TUNISIE: Essebsi et Marzouki au second tour de la présidentielle

Le second tour de la présidentielle en Tunisie opposera l’octogénaire Béji Caïd Essebsi, chef du parti anti-islamiste Nidaa Tounès, au président sortant Moncef Marzouki. Les deux hommes sont arrivés loin devant les autres candidats au premier tour qui s’est déroulé dimanche.

Comme prévu, l’ex-Premier ministre Béji Caïd Essebsi est arrivé en tête. Avec 39,46% des suffrages, il devance de six points le chef de l’Etat (33,43%), selon les résultats officiels annoncés ce mardi 25 novembre à l’issue du décompte des voix de ce scrutin historique.

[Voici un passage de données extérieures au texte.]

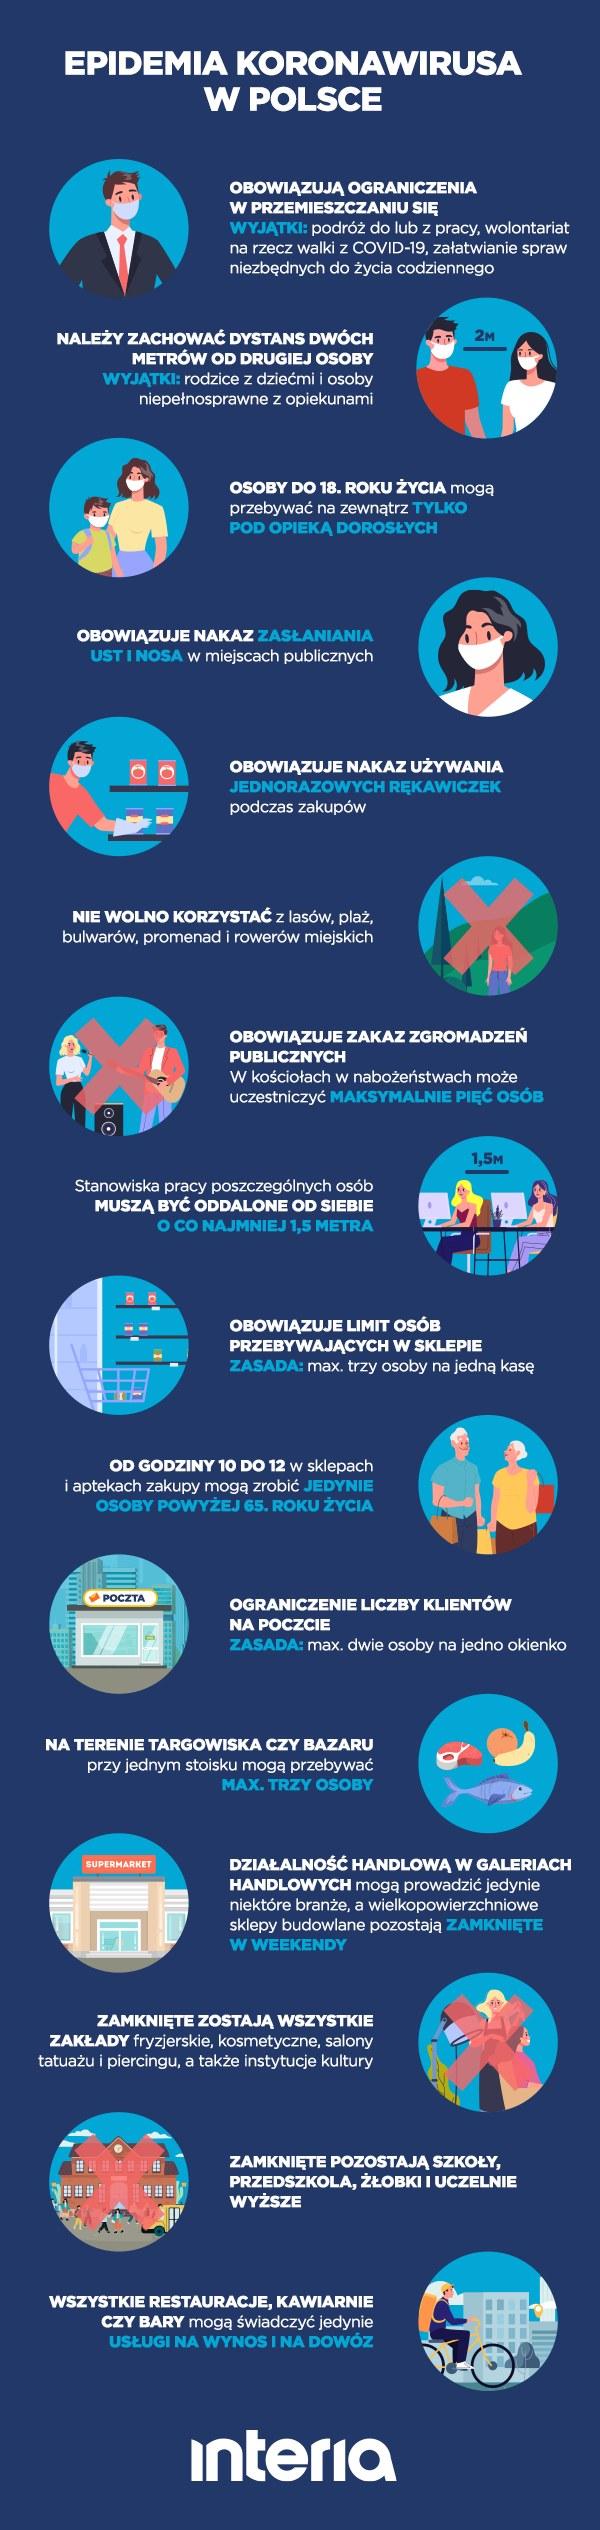 Aktualne zasady i ograniczenia /INTERIA.PL

Si l’écart de voix entre eux est important, il est bien moindre que ce que l’équipe de Béji Caïd Essebsi, 87 ans, et des sondages réalisés à la sortie des bureaux de vote prédisaient.

Loin derrière les deux hommes, Hamma Hammami, figure de proue de la gauche, arrive troisième avec 7,82% des voix. Il est suivi de l’entrepreneur de tendance islamiste, habitant à Londres, Hechmi Hamdi (5,75%) et du richissime homme d’affaires et président de club de football Slim Riahi (5,55%). Ceux-ci n’ont dans l’immédiat donné aucune consigne de vote.

Date à déterminer

Les 22 autres candidats se partagent le reste des suffrages de ce scrutin dont le taux de participation s’est élevé à 62,9% des inscrits.

La mission d’observation électorale de l’Union européenne a salué mardi un scrutin «crédible et transparent» et «l’attachement à la démocratie» des Tunisiens. Une exception dans la région, l’essentiel des pays du Printemps arabe ayant basculé dans la répression ou le chaos.

Après les législatives d’octobre, qui ont vu Nidaa Tounès l’emporter avec 86 élus devant les islamistes d’Ennahda (69 députés), ce scrutin présidentiel est le point d’orgue de la transition démocratique entamée après la «révolution de jasmin» de 2011 et l’éviction de Zine Ben Ali.

Le second tour aura lieu en décembre, mais sa date précise dépendra des éventuels recours en justice contre les résultats préliminaires, a indiqué l’instance électorale (ISIE). La campagne s’annonce d’ores et déjà vive. Les deux finalistes, au profil et au parcours très différents, ne cachent pas leur inimitié l’un pour l’autre.

Vives critiques

Béji Caïd Essebsi fait campagne pour rétablir le «prestige» de l’Etat après quatre années mouvementées. Une période marquée par l’essor d’une mouvance djihadiste armée, accusée d’attaques ayant tué des dizaines de soldats et d’avoir assassiné deux opposants à Ennahda. Il présente Moncef Marzouki comme le candidat des «islamistes» et même des «salafistes djihadistes».

«Pour un homme de droit, qui défend les droits de l’Homme, qui écrit des livres, un homme cultivé, un médecin, il y a quelque chose qui ne colle pas», a lâché Béli Caïd Essebsi mardi sur la chaîne d’information France 24.

Moncef Marzouki considère de son côté que son adversaire, ex-ministre de Bourguiba et président du Parlement sous Ben Ali au début des années 1990, représente le régime renversé en 2011.

Et le chef de l’Etat sortant, un militant des droits de l’Homme séculier exilé en France sous Ben Ali, estime avoir empêché le chaos en Tunisie. Par son alliance avec Ennahda, il dit avoir évité une fracture du pays entre «laïcs» et islamistes.

Précédents scrutins tronqués

Depuis son indépendance en 1956, la Tunisie n’avait jamais connu de scrutin présidentiel disputé. Les précédents présidents, Habib Bourguiba et Zine El Abidine Ben Ali avaient usé du plébiscite ou de falsifications pour se faire réélire, avec des scores dépassant les 90% des voix.

Moncef Marzouki avait été élu fin 2011 par l’Assemblée nationale constituante à la faveur d’un accord de coalition avec les islamistes d’Ennahda, alors majoritaires. Ce parti, deuxième force politique du pays à l’issue des législatives du 26 octobre, n’avait soutenu aucun candidat au premier tour de la présidentielle.

Afin d’éviter un retour à la dictature, la nouvelle Constitution donne des prérogatives assez limitées au président, élu pour cinq ans. Mais l’élection au suffrage universel lui confère un poids politique important. L’essentiel du pouvoir exécutif dépend cependant du futur Premier ministre issu de la majorité parlementaire.